Limitations & Future Work¶
- Only supports single-language transfer: It can only transfer to one target language at a time and does not support simultaneous multilingual transfer.
- Dependency on translation model quality: The translation quality of M2M100 might be poor for low-resource languages, but the paper argues that the comparison is fair since SFT and CLO share the same translation data.
- Insufficient language-specific evaluation: The evaluation uses translated AlpacaEval/MMMLU, failing to capture language-specific cultural contexts.
- Validated only on DPO: It does not explore the compatibility of the CLO framework with other preference optimization algorithms (e.g., KTO, SimPO).
- Attention-only fails for extremely low-resource languages: In Swahili, attention-only training lags significantly behind full-parameter training, requiring adaptive strategies.
- Directions for improvement: Simultaneous multilingual transfer, integration with KTO/SimPO, adaptive layer selection strategies, and stronger translation models.
Related Work & Insights¶
- vs Standard SFT (Lee et al. 2023; Shaham et al. 2024a): SFT simply mimics the target language output via maximum likelihood and cannot explicitly learn language selection strategies; CLO teaches the model to "choose the right language" through preference optimization, which shows a significant advantage in low-resource scenarios.
- vs Continued Pre-training + SFT (Cui et al. 2023; Zhao et al. 2024a): Continued pre-training requires a large corpus in the target language (usually millions of tokens), whereas CLO only requires 6,400 translated data entries, presenting a massive cost difference.
- vs InstructionCP (Chen & Lee 2024): InstructionCP requires large-scale target language instruction data and complex architectural analysis, whereas CLO only requires English data + a translation model, offering a much simpler approach.
Rating¶
- Novelty: ⭐⭐⭐⭐ Innovatively applies DPO to cross-lingual transfer, presenting a novel perspective of "language selection preference"; however, the core technology (modified DPO + NLL) is not overly complex.
- Experimental Thoroughness: ⭐⭐⭐⭐⭐ 5 models × 6 languages × 3 evaluation benchmarks, with comprehensive ablations (NLL variants, attention-only, data volume curves).
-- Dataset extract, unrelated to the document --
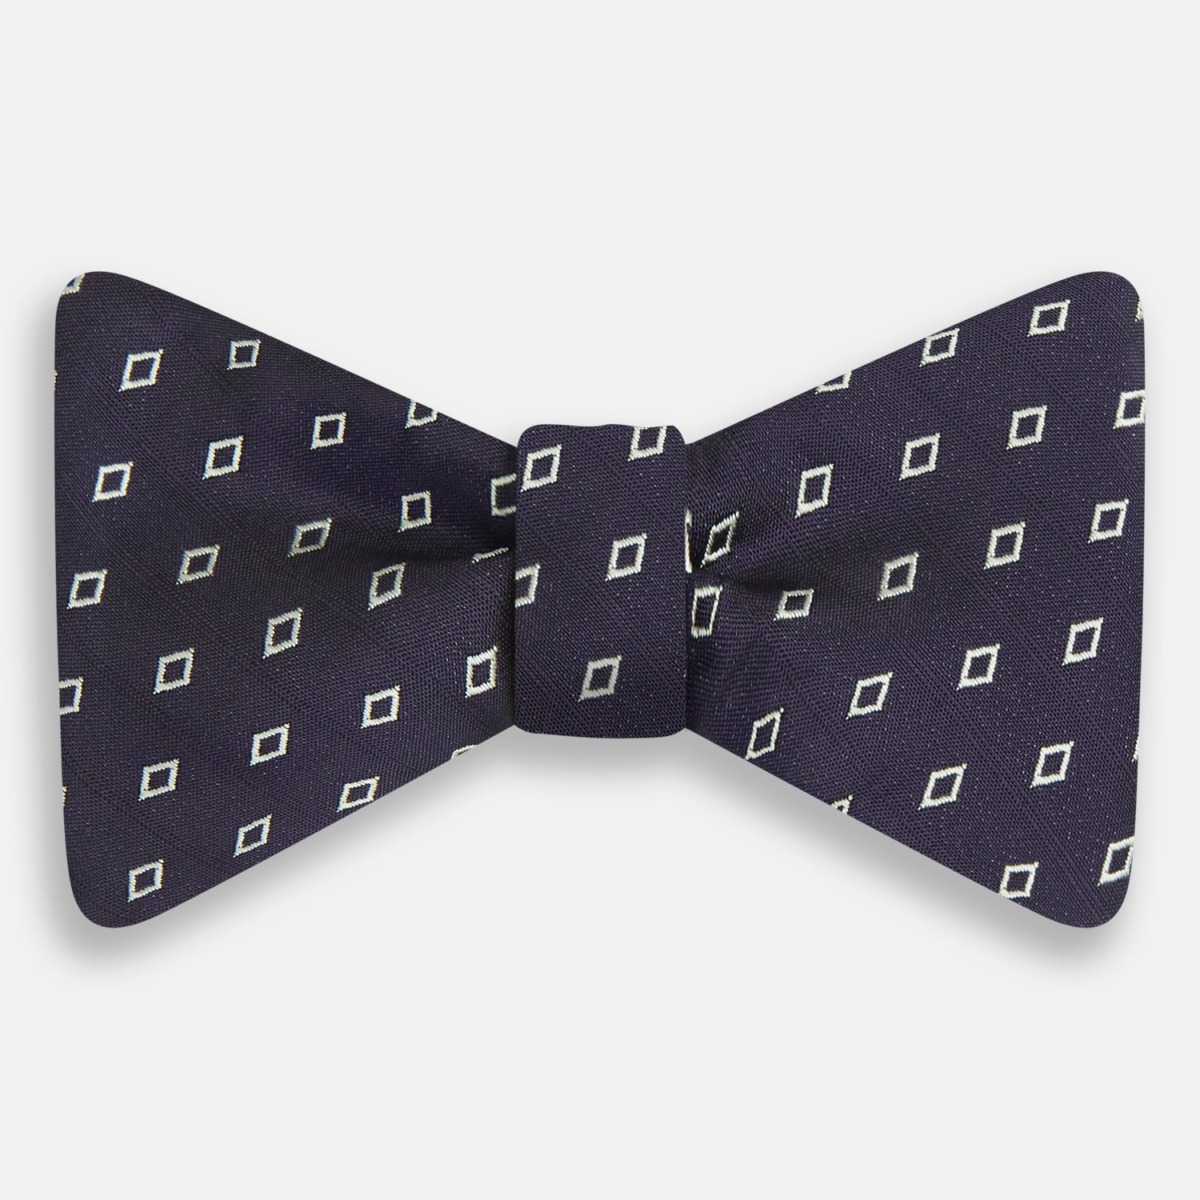 Turnbull And Asser Gents Bow Tie Blue from Turnbull & Asser GOOFASH

The experimental scale is top-tier in this field.
- Writing Quality: ⭐⭐⭐⭐ Clear hypotheses, rigorous methodology derivation, and intuitive illustrations; however, the Limitations section is slightly verbose.
- Value: ⭐⭐⭐⭐⭐ Direct practical value for deploying LLMs in low-resource languages; the method is simple and easy to reproduce, requiring only public English data + a translation model.